Section 11 - Relative grounds for refusal
The relative grounds for refusal under Section 11 of the Act is based on the similarity between the applicant’s trademark and already registered trademarks. For example, a trademark that is identical or similar to an existing registered trademark will be refused registration. Let's say you want to register the trademark "Tasty Pie" for your bakery business. However, if there is already a registered trademark for "Tasty Pies" in the same industry, your application is likely to be refused, as the trademark is too similar to an existing registered trademark, and may lead to confusion among consumers.

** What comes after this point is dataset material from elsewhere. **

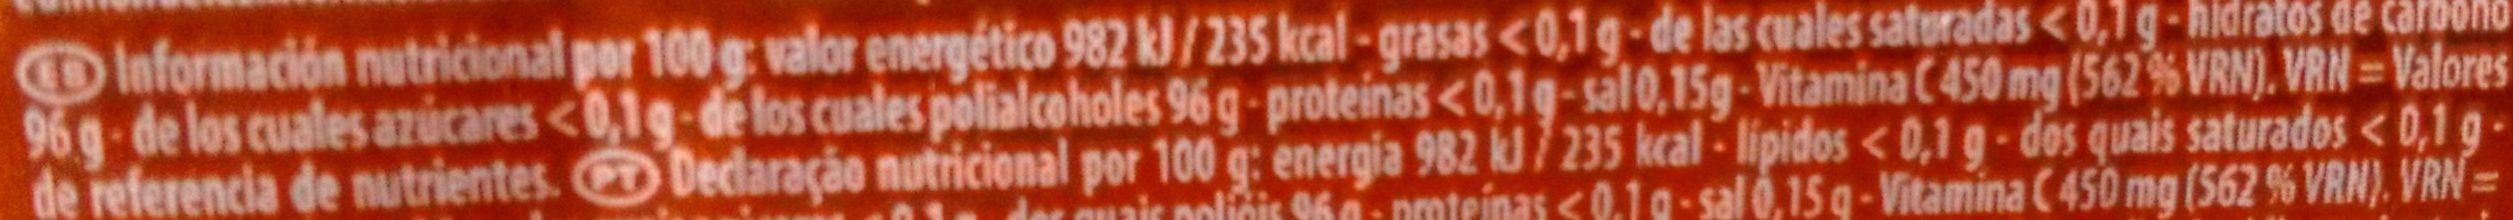 Citrus Mix - Información nutricional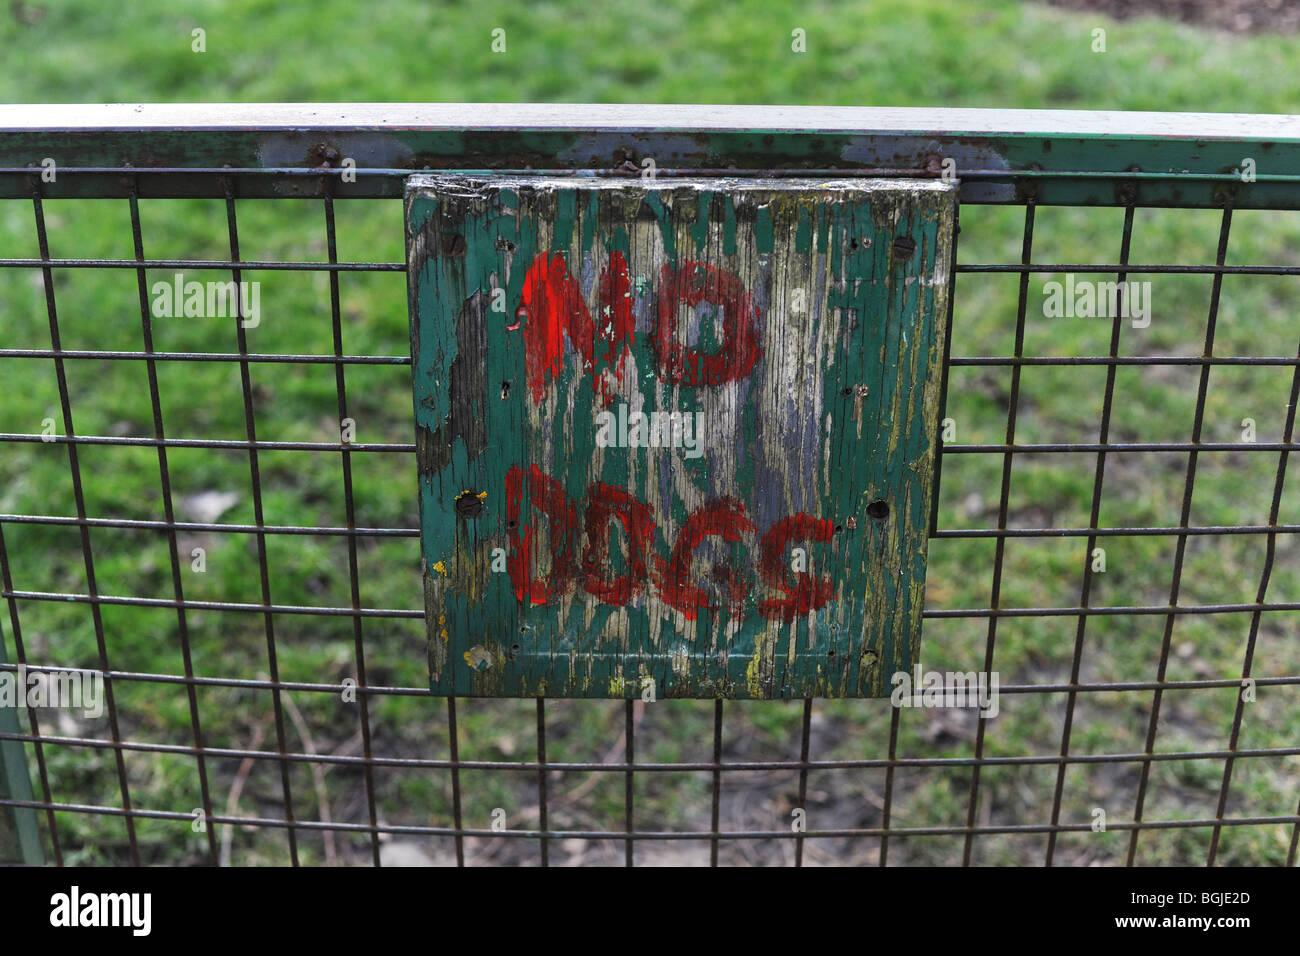 Ningún signo de perros Imagen De Stock

While determining the similarity of trademarks, the nature of the goods and services to which they are applied is taken into account and also establishing the likelihood of confusion among the consumers in determining the similarity. The registration will be refused if the mark is similar to a well-known trademark that exists in India. The use of the mark is refused if it is prevented under the law of passing off or copyright laws.
If the trademark is similar or identical to an earlier trademark, it can still be registered if the earlier trademark has not acquired distinctiveness through use or has been abandoned or with the previous owner’s consent to the registration of the new trademark. The Registrar may refuse to register if the trademark would take unfair advantage of, or be detrimental to, the distinctive character or repute of the earlier trademark.
Trademark registration in India is a crucial process that involves meeting certain legal requirements and avoiding the grounds for refusal under the Trade Marks Act of 1999. By understanding the absolute and relative grounds for refusal, and ensuring that their trademark meets the legal requirements, applicants can increase the chances of their application being accepted and their brand being legally protected.
It is important to note that the onus is on the applicant to ensure that their trademark does not fall under any of the grounds for refusal. This includes conducting a thorough search of existing trademarks in the relevant industry and ensuring that the trademark is distinctive and not likely to cause confusion among consumers.